Since 1985 there has been a flood of information from research in molecular biology and molecular neurology, as well as a result of new technologies, like advances in electroence photography, which improves detection of signals of brain activity. Some of the discoveries relate to fetal pain. In 1985 some thirty nerve hormones (neuropeptides) were discovered, and these function in pain transmission. One of these, substance “p” has been found in the human embryo at five weeks’ gestation.
Evidence given to the Supreme Court of the United States in the J.M. v. V.C. case in 1992 showed that at seven weeks – still in the embryo stage – the skin-pain receptors appear, and that they have been preceded by the nerve fibres of the neural pathways, and the nerve junctions (synapses) with the spinal cord. By twelve weeks, the thalamus, mid-brain, brain stem and cerebellar hemisphere are developed.

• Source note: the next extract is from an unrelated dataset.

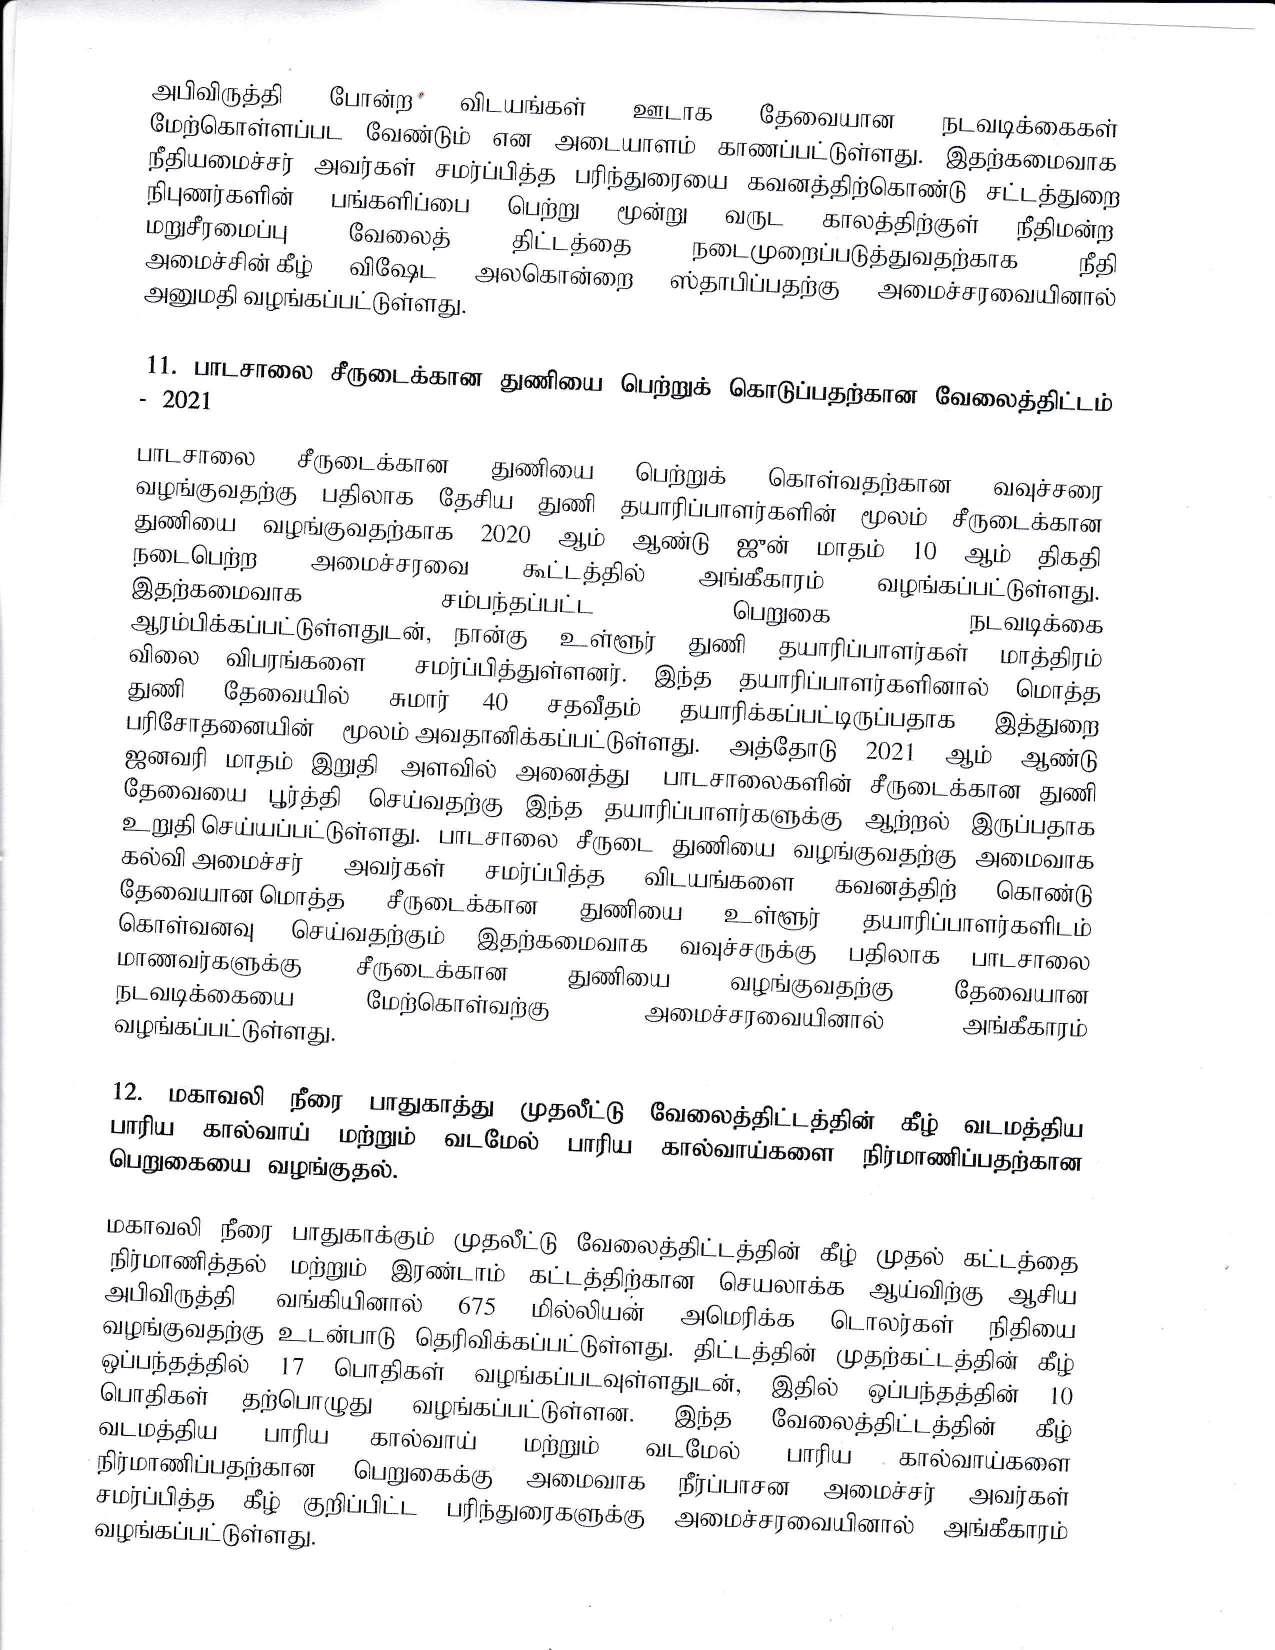 cabinet Desicion on 28.09.2020 Tamil 1 page 007

To Michael Coren, I would paraphrase the message that the real experts would say: “Mr. Coren, when you said: ‘I have been told by objective medical experts that an unborn child feels pain’ you stood on firmly established ground.”
And to Ms. Wente I would add what Professor Dan Robinson, of Georgetown University Medical School said to the pro-abortionists who attacked The Silent Scream.
“I think it’s also important to remember that our right to be spared dismemberment and death does not hinge on our capacity to feel pain. It attaches to a certain dignity that we assign to beings that are human and that are part of the community of human beings.”